Looking at the community’s demographic it’s clear to see Montgomery is in transition.  Seniors over 75 make up 11.2 percent of the population, almost 3 times the city average of 4.3%; this it the result of several seniors’ lodges in the community.  At the same time, 26.7% of the population is between 20 and 34 years old (vs. Calgary’s 24% average). This is a very healthy sign as they are the one’s who will give the community the energy and investment needed to transform it into a 21st century urban village.  

Notable is one of Calgary's premier restaurants and the fact that it is located on Montgomery's Main Street is a testimony that the community is becoming more trendy. 

This is Montgomery's Safeway mall, but I decided to use this image as it speaks to the smaller mom and pop shops that are indicative of an urban village i.e. a sushi bar, liquor store, Donair shop, Loonie Store and Massage Therapy.  Around the corner is a Vietnamese Sub shop and hair salon.
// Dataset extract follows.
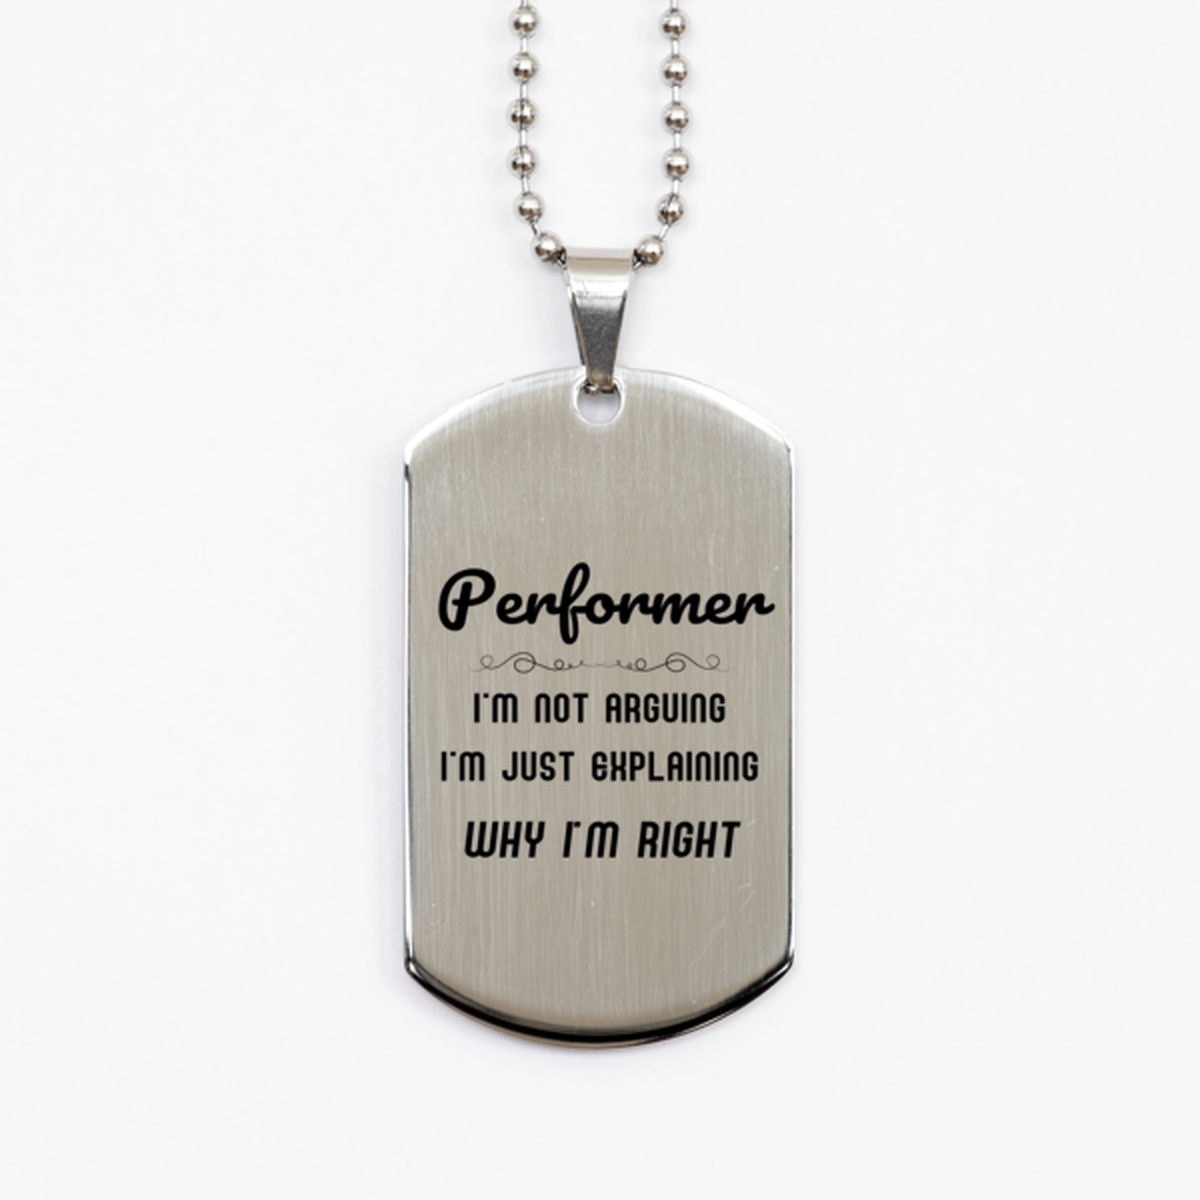 Performer I'm not Arguing. I'm Just Explaining Why I'm RIGHT Silver Dog Tag, Funny Saying Quote Performer Gifts For Performer Graduation Birthday Christmas Gifts for Men Women Coworker

The mall also has the neighbourhood pub.  

One of the young newcomers to Montgomery is Kristina Groves, former Olympic speedskating medalist and now a University of Calgary grad student who, is in the process of building a small, affordable, sustainable home on a “tear down” lot she purchased.  “I love the charm and character of the community. It has history, is affordable and is located close to both the Oval and Canada Olympic Park,” exclaims Groves.  She also notes that several other current and former Olympians are living in Montgomery.  Hmmm….maybe the name should be changed to “Olympic Village?”

Montgomery, like Bowness has its own Main Street, currently experiencing signs of beautification with new banners, a pocket park and the recently completed four-storey condo building with retail at the street. Montgomery is home to over 100 businesses including its own lumberyard (Timbertown), its own boat dealer (Hyperactive Watersports – what a great name – in 2010 it was the largest Tige Boat dealer on the planet) and one of Calgary’s top restaurants (Notable).

Montgomery has all of the ingredients to become one of the city’s top ten inner-city communities in the not too distant future.